Approximate 8-bit multipliers and their physical design implementation

•In this article we design 4 × 4 multipliers using 4:2 compressors and encoded partial products. We then propose the use of an approximate 3-bit adder to calculate the sum of partial products obtained from the 4×4 multipliers in less significant positions in order to construct approximate 8×8 multipliers. The proposed designs are then synthesized using Cadence Design Suite for a 45-nm standard cell library.•The remainder of the article describes the Physical Design flow from the gate level net-list to final GDS-II using the open-source Physical Design flow tool Q-flow. Approximate computing is widely used in a large number of error-tolerant applications. Multiplication is an integral arithmetic operation for many of these applications.

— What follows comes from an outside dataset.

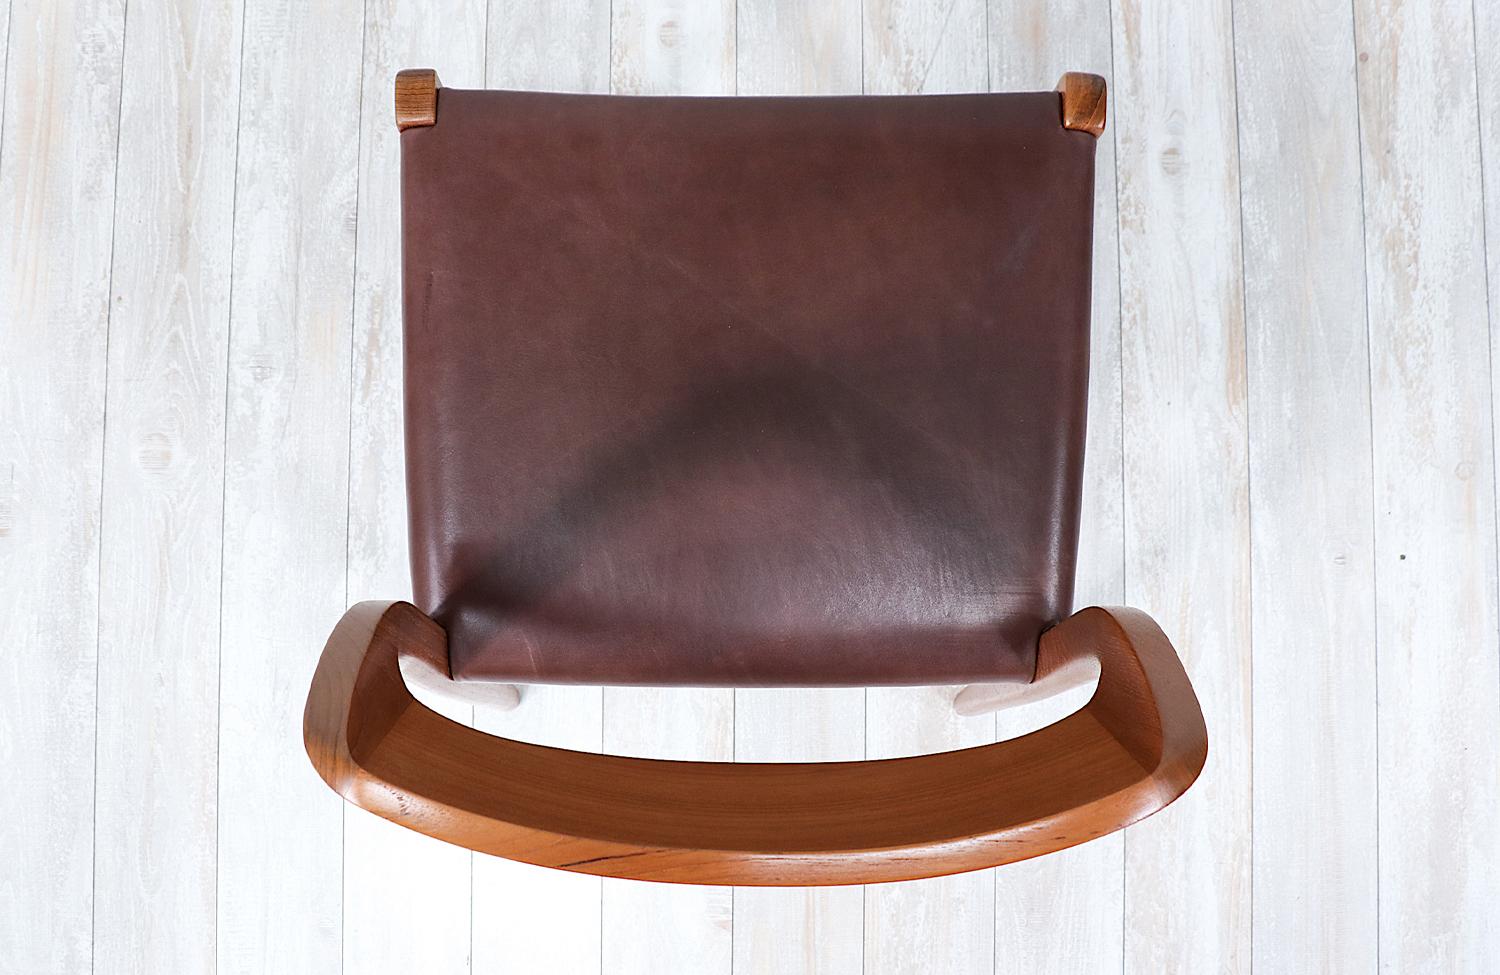 Arne Hovmand-Olsen Model 71 Teak Wood & Leather Dining Chairs for J.L. Møllers In Excellent Condition For Sale In Los Angeles, CA

In this paper we discuss 8 bit multiplier designs designed using approximate 4:2 compressors and encoded sum of partial products, and later introduce an approximate full adder to compute the sum of partial products in less significant bit positions. We use these techniques to systematically trade off accuracy for improvements in area, power and more significantly delay. These multipliers were designed using Verilog and synthesized using Cadence Design Suite with the help of a 45nm standard cell library. The physical designs of exact, existing and proposed multipliers were also performed using the open source RTL to GDS flow tool Q-flow. This is done to highlight the importance and reliability of open source tools in the VLSI physical design process when compared to paid software which may not be accessible to everyone.